Whitfield...he finally placed it on his mental map. She was about twenty minutes northwest. The storm must be tracking her direction.
“I have a love-hate relationship with storms.”
He heard the tension in her voice. “I know,” he said gently. About all she remembered from the night of her accident was the bright lightning and the loud thunder. The majority of the prior week, most of the following two weeks, had been wiped out of her memory and never came back.
She didn’t say anything else. “You okay, Meghan?” He was reluctant to get pulled into it tonight, but it was the fact that she wasn’t asking that drew the words out. At twelve Meghan Delhart had been a girl with reading glasses, her nose often in a book, and a habit of mixing up her Bs and Ws when she tried to speak fast. She was one of the first friends he made from the neighborhood around the orphanage, an endearing friend in an embarrassing kind of way. He hadn’t realized until he spotted her across the room last night just how much he missed her.
“I will be when this storm blows over.” He heard her turn her radio to match his station. “I’m going back to Silverton tomorrow. Dad is coming in to pick me up.”

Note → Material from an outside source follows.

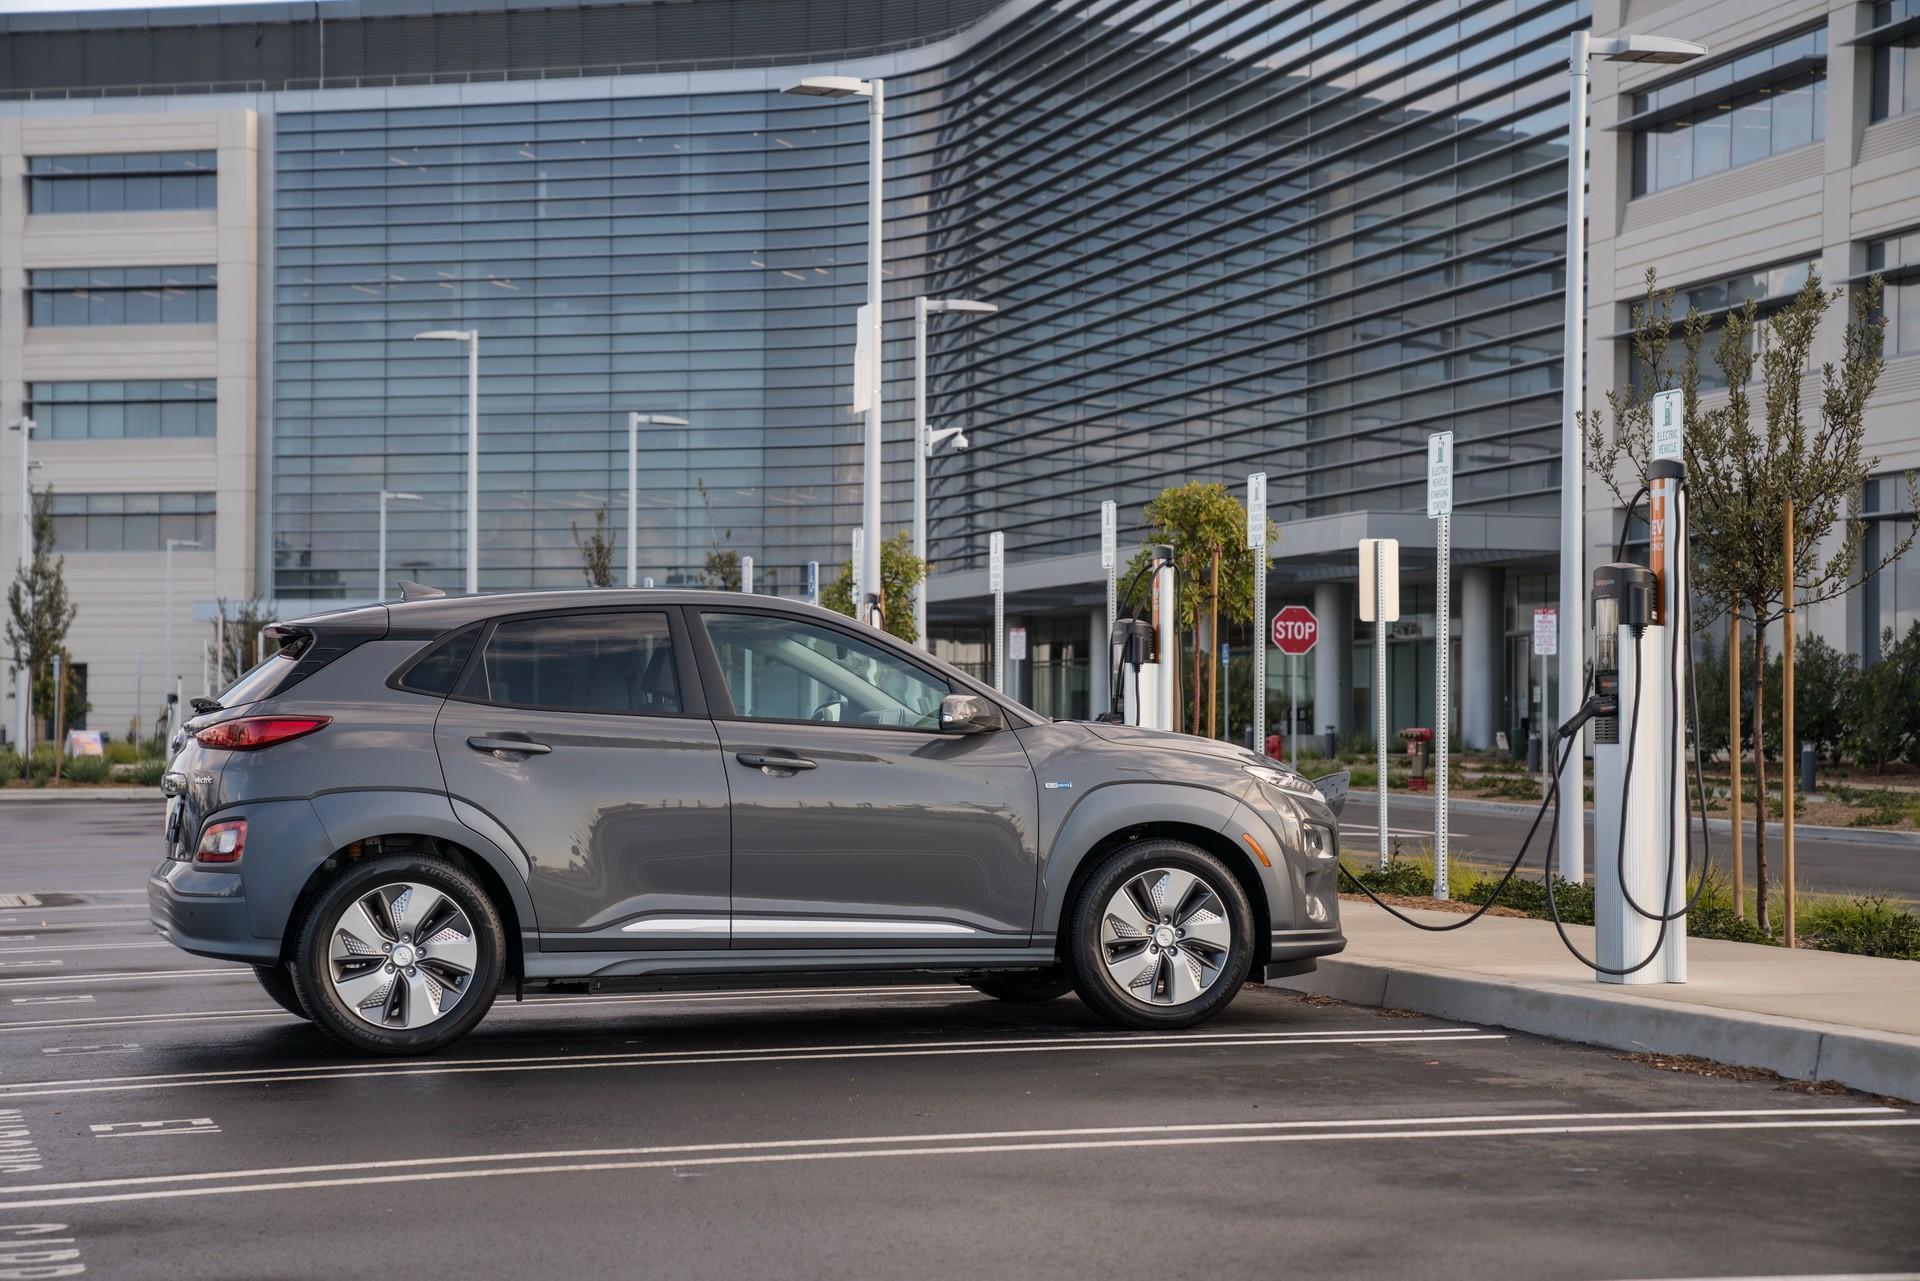 Hyundai Kona Electric Debuts In New York Promises 250 Mile Range

He wasn’t surprised she’d come into town on her own; she had always had a fierce independent streak. “Do you want to go tonight? I’ll give you a lift if you like.”
“I don’t need rescuing.”
He smiled. “Maybe I do.”
She was quiet a minute. “You wouldn’t mind?”
“I wouldn’t mind,” Stephen promised.
“Then yes, I’d appreciate a lift. I’m already packed, and I’m not going to be sleeping with this storm overhead.”

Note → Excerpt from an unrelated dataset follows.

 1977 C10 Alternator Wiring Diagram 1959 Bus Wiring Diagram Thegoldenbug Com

Stephen turned on the car blinkers. He picked up the map to figure out how to get off this highway and over to her area.
“Would you like coffee or tea?” Meghan asked.
“I’d love a cup of your tea with honey and cinnamon.”

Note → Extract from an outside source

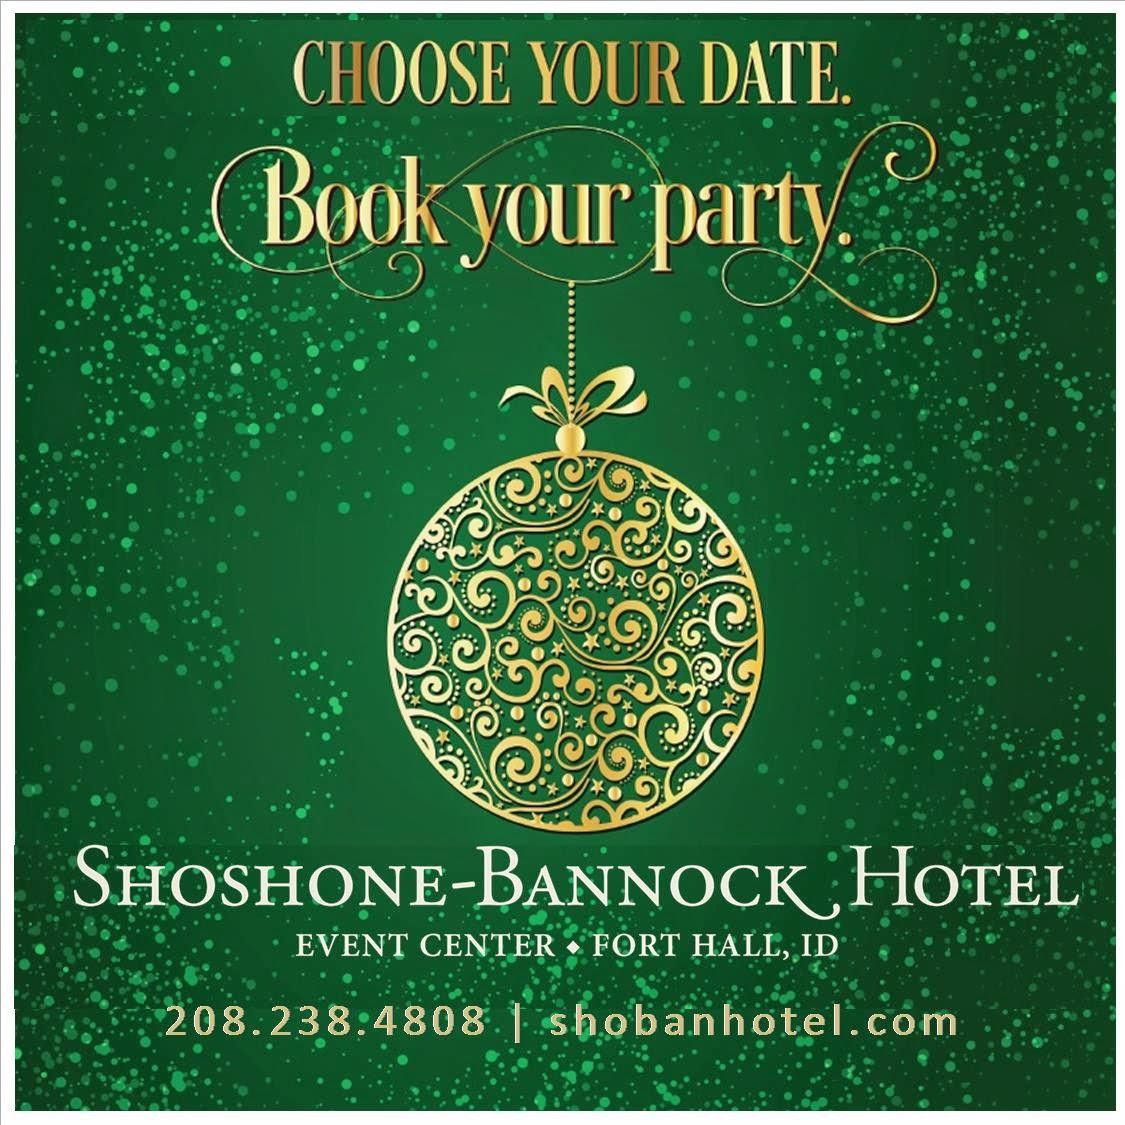 Shoshone-Bannock Hotel

“It will be waiting. I’ll turn on the lights for the driveway and leave the back door unlocked. Come on in so you don’t get drenched.”
“I’ll be there shortly.”
He set down the phone. Meghan had talked him out of running away once before. He doubted she could do it again, but he at least wanted to say how much he appreciated her coming to town last night for the visitation. They were friends and destined to always be just friends. He wished he’d been smart enough to make it more when he had the chance.
His life was littered with if only’s.
He would see Meghan, give her a lift home, and then go on with his drive. If he let himself start grieving, the past the pain would never end. One of those if only’s had left Meghan blind.